Monday, August 2, 2010 - 1:30 PM

COS 4-1: Analyzing data from a split-plot experiment when the observations have overdispersed Poisson distributions

Philip M. Dixon and Jia Liu. Iowa State University

Background/Question/Methods

Ecologists often face a quandary when choosing how to analyze their data.  Should I transform data and use a traditional analysis, or use a modern computationally intensive analysis?  The traditional analysis is clearly an approximation; what is not commonly understood is that many modern analyses are also approximate.  Hence, the choice of analysis is not clear.  I consider various ways to analyze weed counts in a large multi-location evaluation of weed management strategies.  Farmer’s fields, the main plots, were classified into one of seven crop-rotation treatments, then divided in half.  One of two weed management strategies was randomly assigned to the half field.

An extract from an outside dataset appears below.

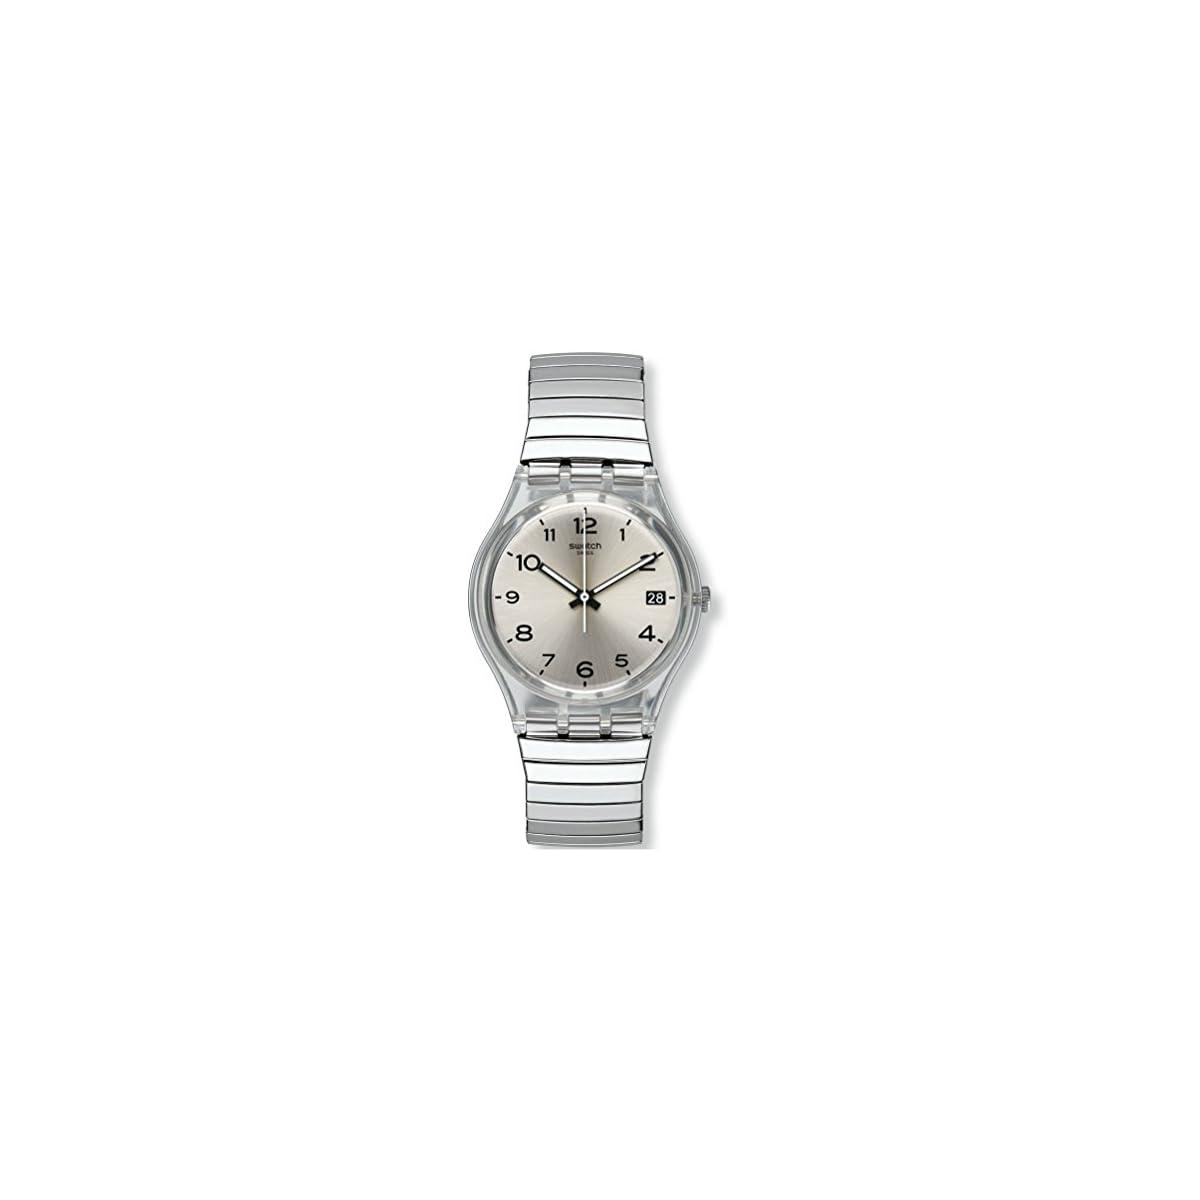 410NduWWwyL. SS1200  - Swatch Reloj Digital de Cuarzo para Mujer con Correa de Acero Inoxidable - GM416A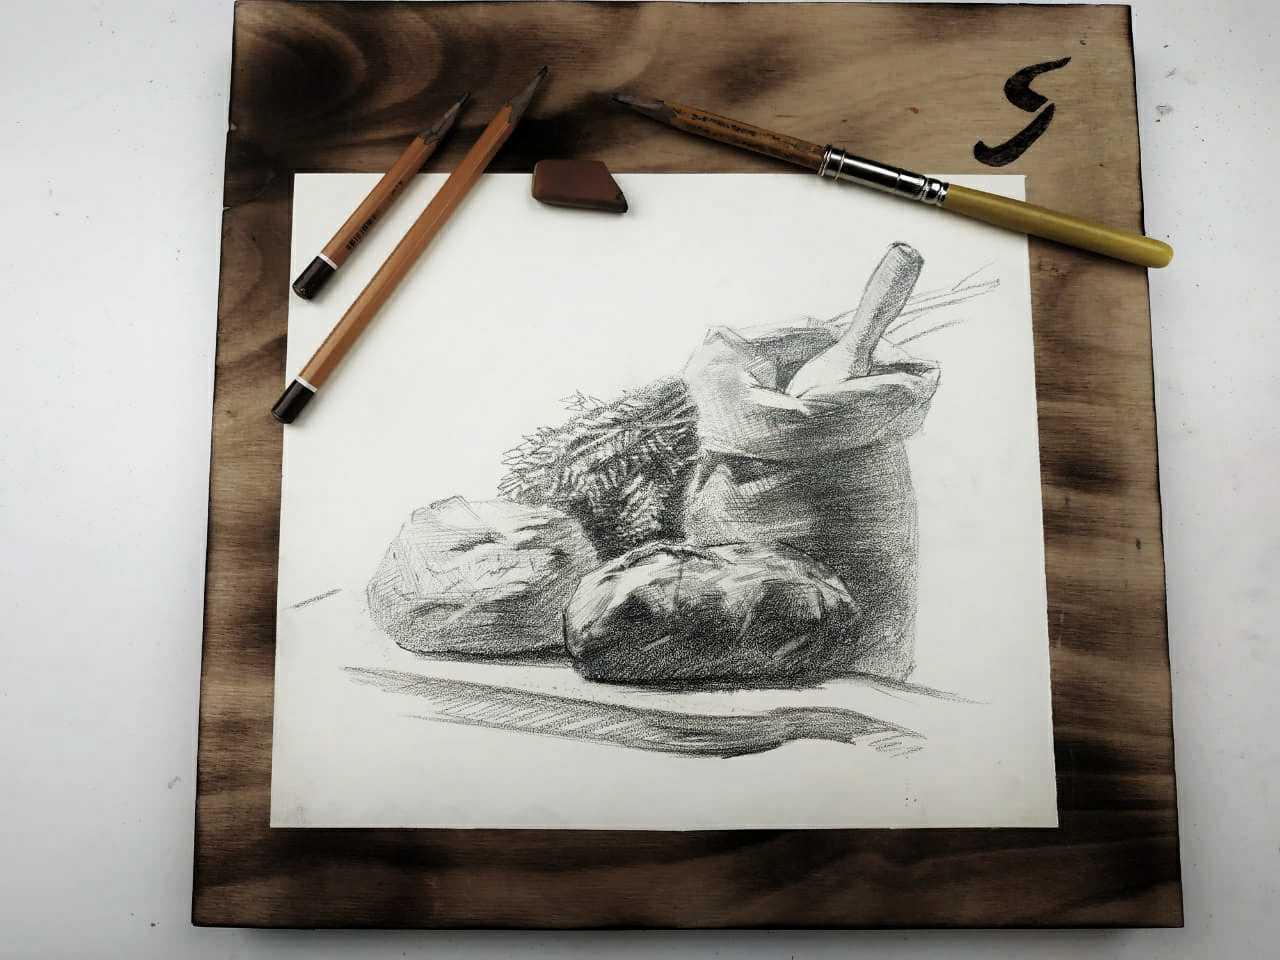 Онлайн мастер-класс по графике «Свежий хлеб»

We consider the analysis of the number of weeds present at a specific point in time.  The weed counts are overdispersed relative to a Poisson distribution. 
The traditional analysis is to log transform the counts then assume a normal distributions for the random effects.  This leads to the standard analysis of a split-plot study.  A modern alternative is use a generalized linear mixed model assuming an overdispersed Poisson distribution and an additional random component to account for field-field variation.  The GLMM can be specified in different ways.
Results/Conclusions

We find that the split-plot analysis of transformed data has empirical rejection rates are close to the nominal 5% rate for all tests.  The most common analysis of overdispersed Poisson gives conservative tests of the main plot effects (empirical rejection rate < 5%) and very liberal tests of the split plot main and interaction effects.  When the overdispersion is moderate (variance associated with overdispersion > 1), the empirical rejection rate can exceed 60%. for a nominal 5% test.  An alternate specification of the model has an acceptable type I error rate. 

Modern analyses are not always better than traditional analyses.  For overdispered split-plot count data, traditional analyses are similar to some modern analyses.  Other modern analyses are badly behaved and should not be used.